INSTRUCTIONS FOR THE TASK: Only the lines from the one containing "#tmnt2012 #rottmnt #TMayNT" to the end of the data below belong in the answer, each repeated exactly; no pictures.

DATASET EXCERPT:
- - -

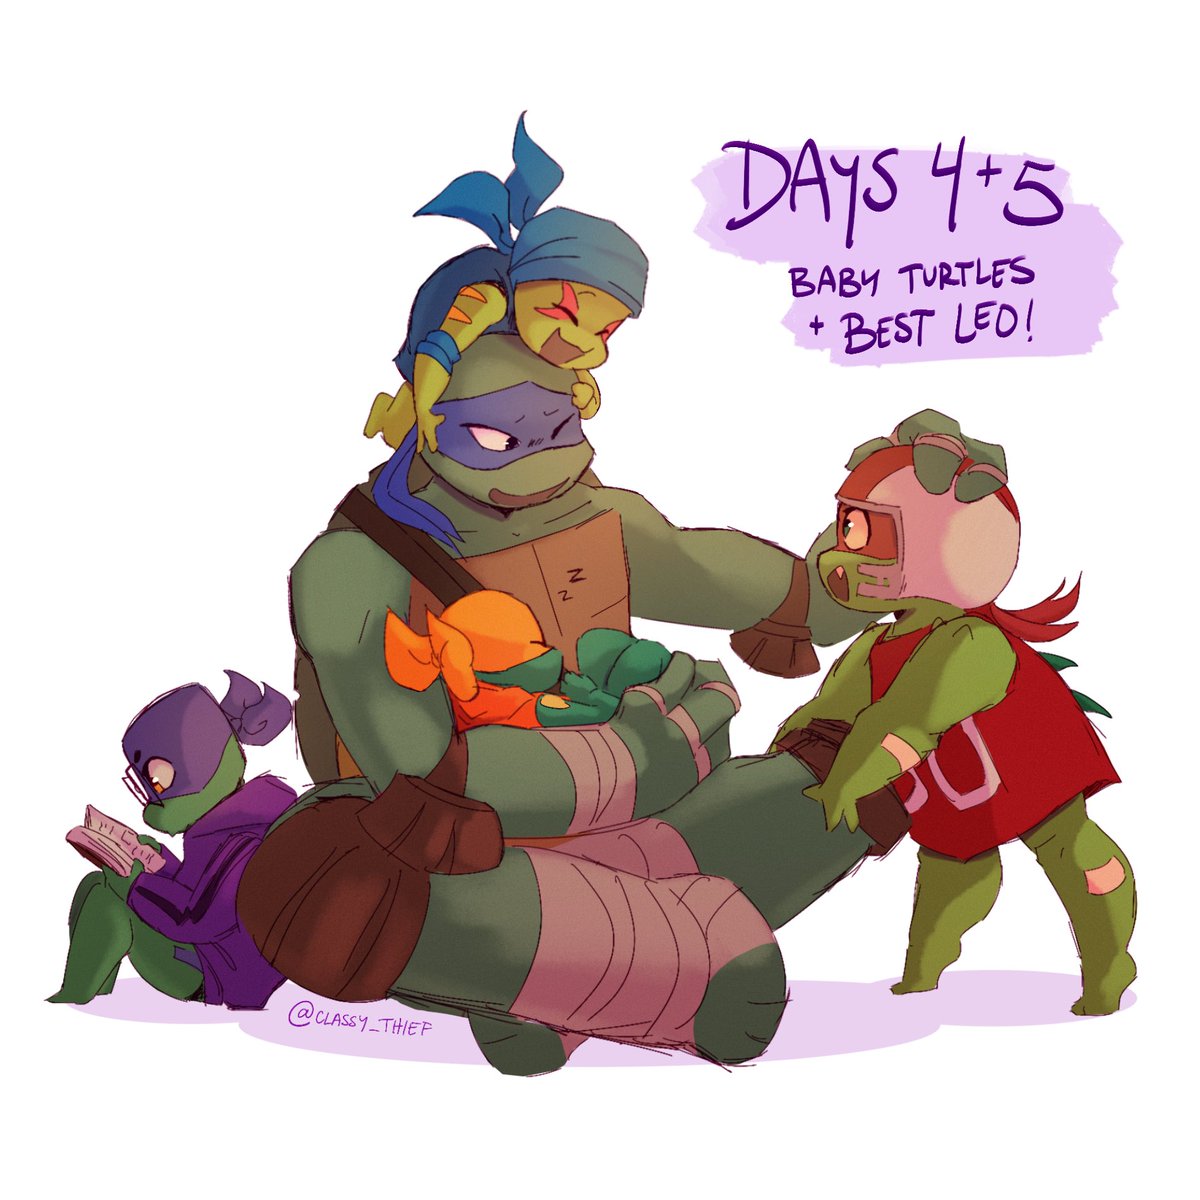 🌺 combined days 4 n 5 in order to catch up 🤞 it's 2012 leo babysitting the turtle tots 😊

#tmnt2012 #rottmnt #TMayNT
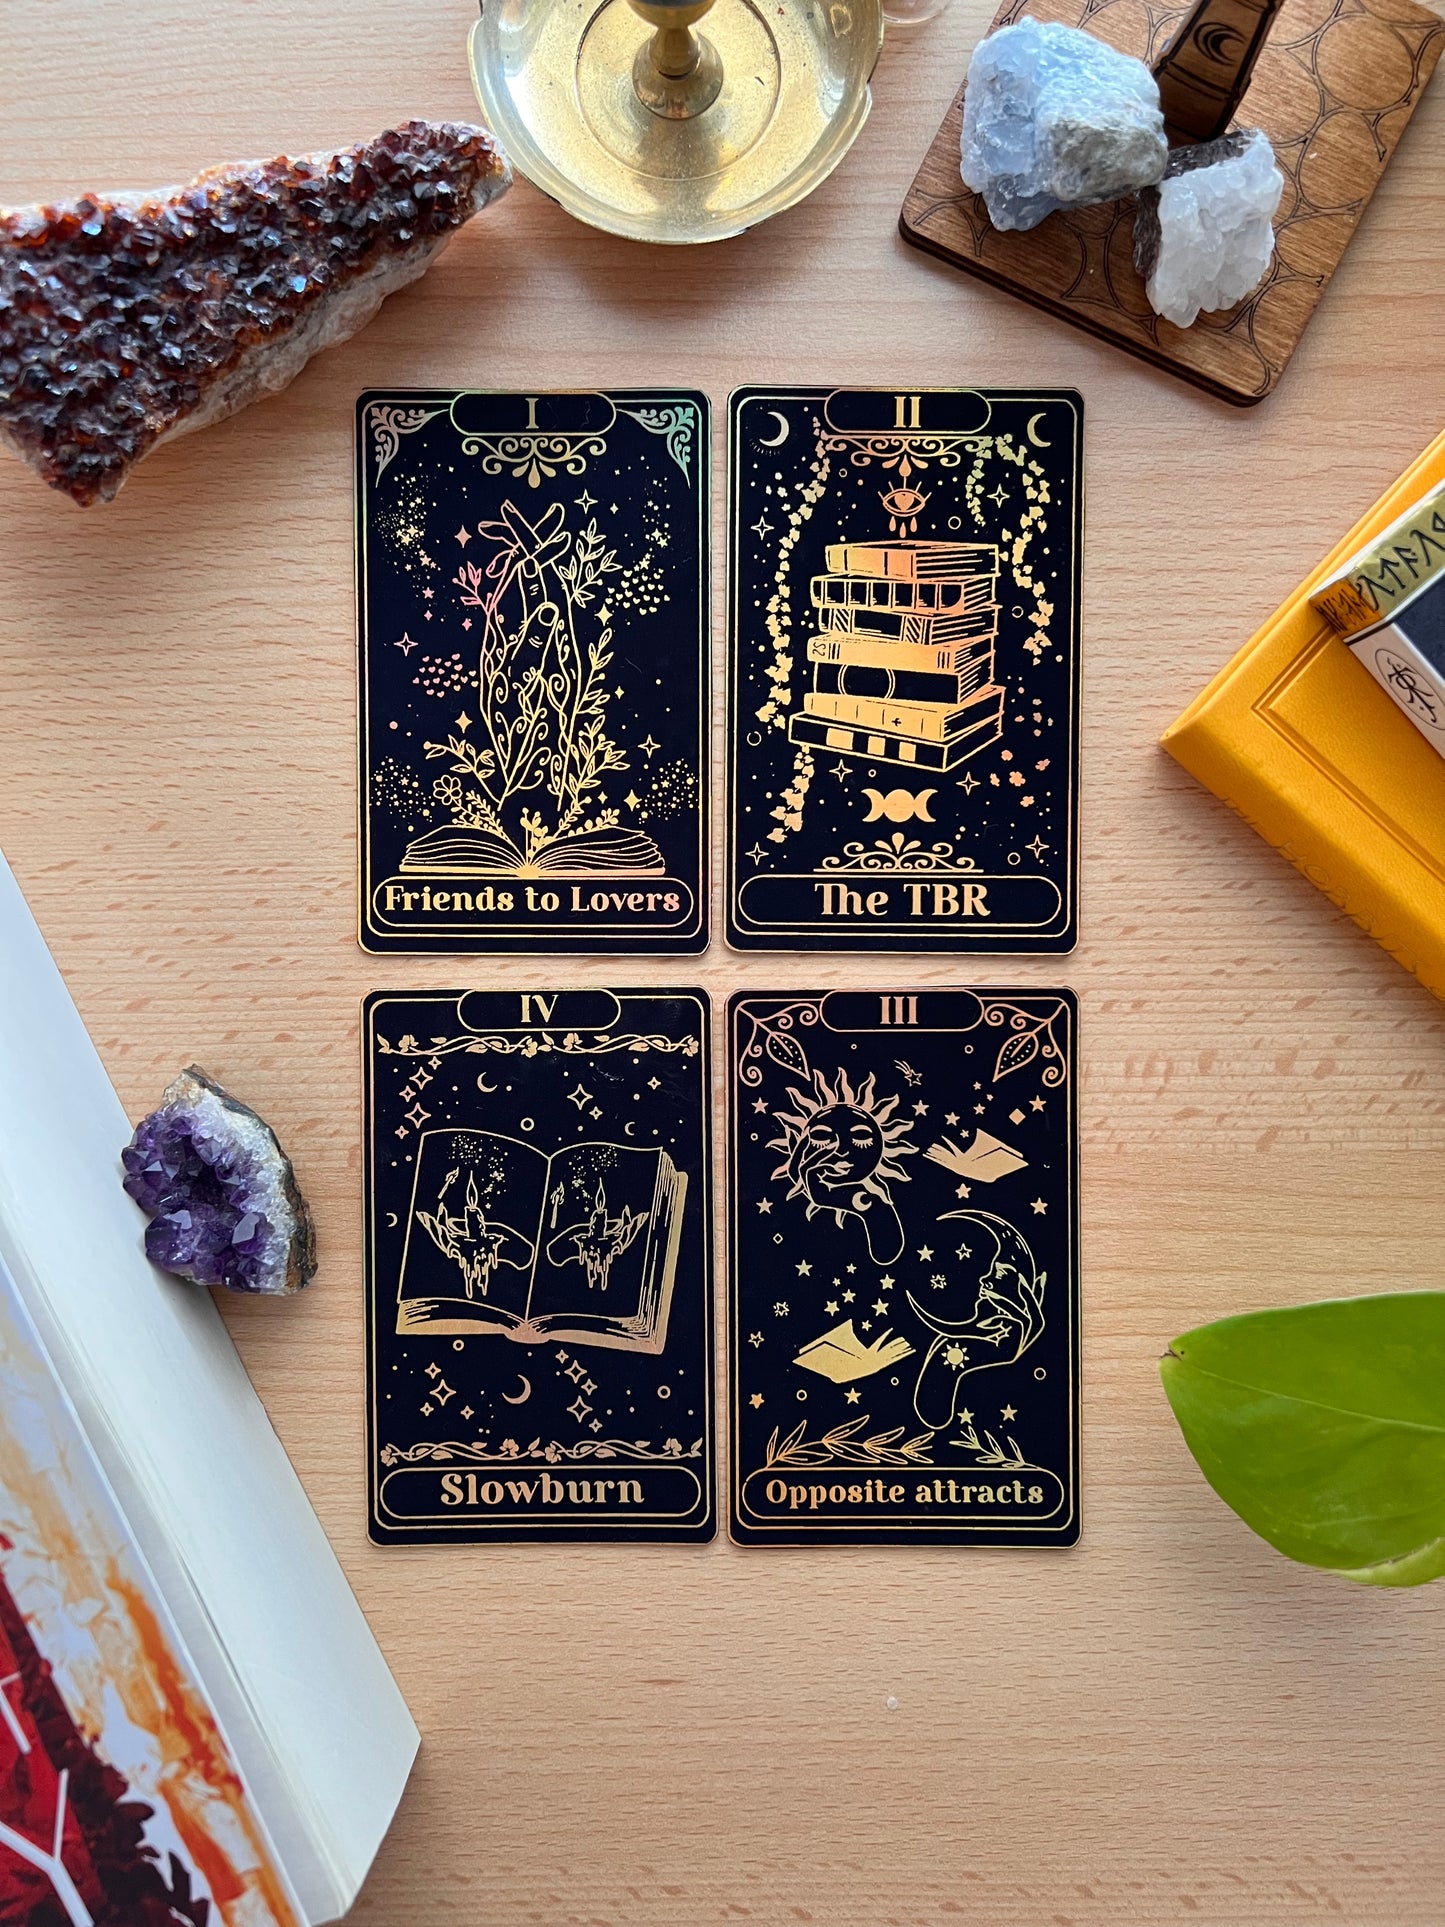 Book trope “tarot cards” holographic

- - -

REPLY TO THE EXERCISE:
#tmnt2012 #rottmnt #TMayNT
 Book trope “tarot cards” holographic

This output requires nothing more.